Marc Vaux (born 29 November 1932, Swindon) is a British artist who rose to prominence in the 1960s. His work was included in the seminal Situation exhibition of 1960 alongside Robyn Denny, William Turnbull and Bernard Cohen among others. This exhibition was a direct reaction by British abstract artists to the recent exhibitions in London of the American Abstract Expressionists in particular the Tate's 1959 exhibition The New American Painting.  Although originally headed for a career in Chemistry, Vaux eventually studied at the Slade School of Fine Art from 1957 to 1960 where he was awarded a Boise traveling scholarship which allowed him to travel in Italy, and later to work at the Jean Ponsa lithographic printing studio in Paris.

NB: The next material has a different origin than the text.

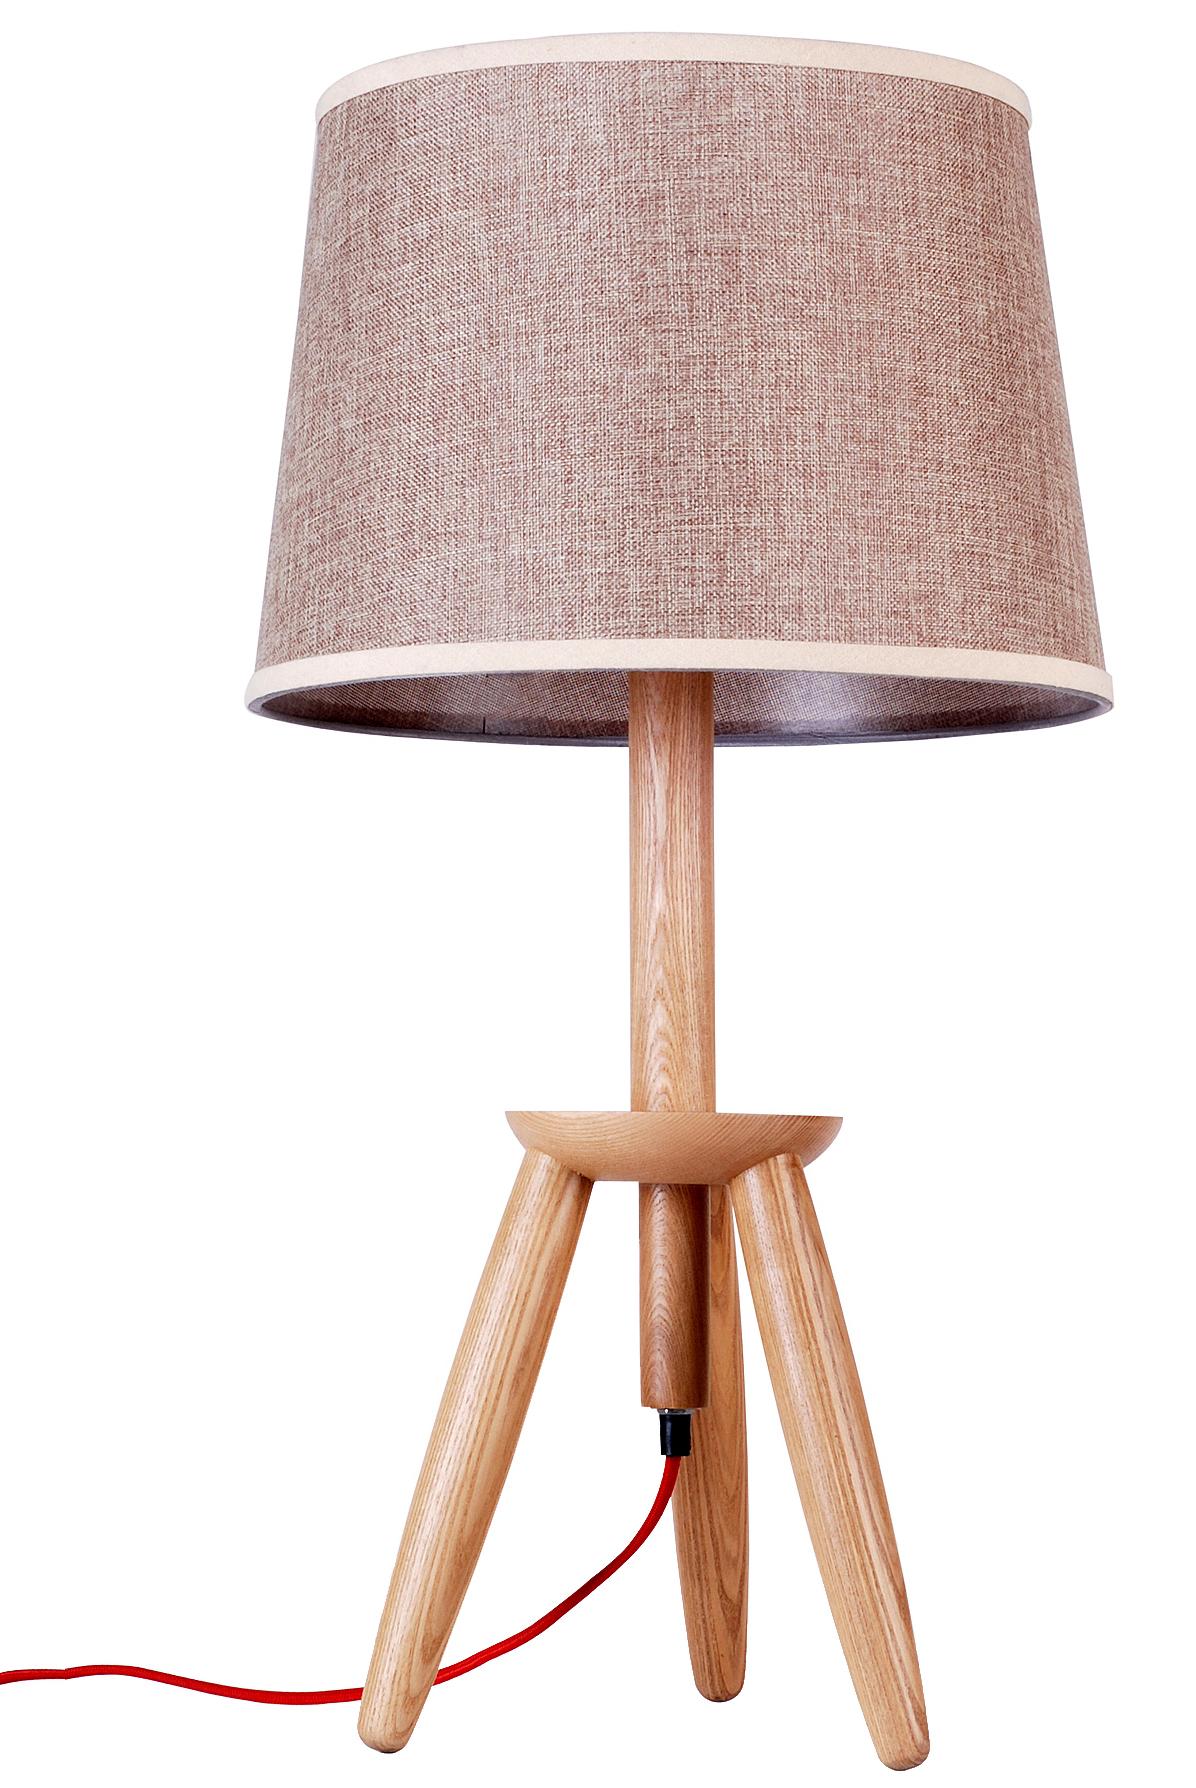 Contemporary wooden reading table lamp

In 1986, after a long teaching career he was appointed Head of Painting at the Central/St Martins College of Art and Design in London where he stayed until he retired in 1989 to concentrate full-time on painting.

Vaux's work has variously been described as minimalist and constructivist although since his primary interest is in colour and light he has more in common with the American west coast artists than the New York minimalists.

Marc Vaux said: It [colour] is known to have a direct effect upon the central nervous system/human sensibility, arguably the most effective modifiers of human response, over sound and touch. It is dynamic - dependent on degree of colour, light, surrounding colours. Given the facts it is surprising it has taken so long to come to the position of recognising the effective power of colour alone – the endless potential of colour alone to communicate, affect and modify response.. it can be a pure visual experience equivalent to any other (experience). The nearest equivalent would be the sound of music. I see no reason why colour can't equate with melody and be as memorable. After all Albers wrote poems to equate with his paintings.

A monograph Marc Vaux was written by Vaux's long term supporter Norbert Lynton and published by 21 Publishing in 2005 ().

The Tate Gallery holds a good collection of Vaux's work from 1959 to the present day.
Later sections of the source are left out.